However, the challenges are to relax a number of assumptions and to improve further computer efficiency now the accuracy is confirmed. The first consideration is whether the lorentz_fitness function should be a generalized least-square function or a negatine log likelihood function as mentioned in Seber and Wild reference above. The likelihood approach is a monotonic transformation that may save considerable computer time in the initial iterations/evaluations. There are also desirable statistical properties to study the inverse problem and links to the Fisher information matrix. The proof of the pudding is in measuring the computer efficiency of each class.

A second consideration would be to add noise to the data and see how far the algorithm is capable of estimating the parameters as the signal to noise ratio changes. I guess this is a simple modification of calc_state_vectors. The Xiand2015 paper does after the exact estimation.

A third consideration is that bboptimize is for now stopped by MaxSteps. But it would be good to stop with Fitness reaching single precision zero at least initially when one is attacking a new problem. I could not find the right doc in the examples for setting Fitness.

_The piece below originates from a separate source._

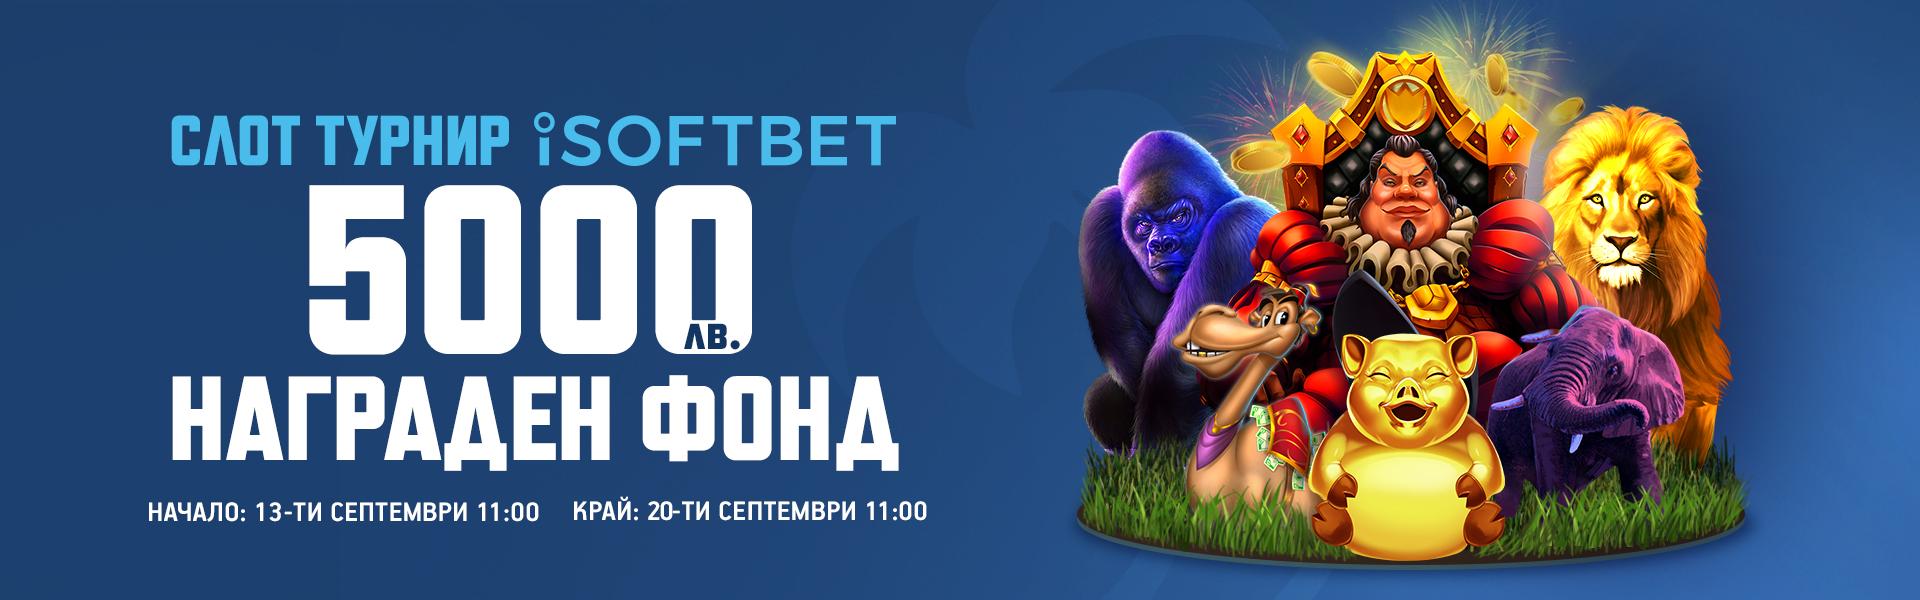 isoftbet slot turnir-komarbet.com

A fourth consideration is relaxing the sample size for estimation. As I understand it, at present there are 100,000 steps and therefore data points and the first 4,000 are used for estimation. From the various demos, the usual dataset set is from time 0 to 30 with about 300 data points in between.

A fifth consideration is: which algorithim is used right now and should others be tried within the available menu in BlackBoxOptim.

Finally, let me print my output for relaxed bounds: BroadBounds = Tuple{Float64, Float64}[(5, 15), (10, 40), (2, 3)]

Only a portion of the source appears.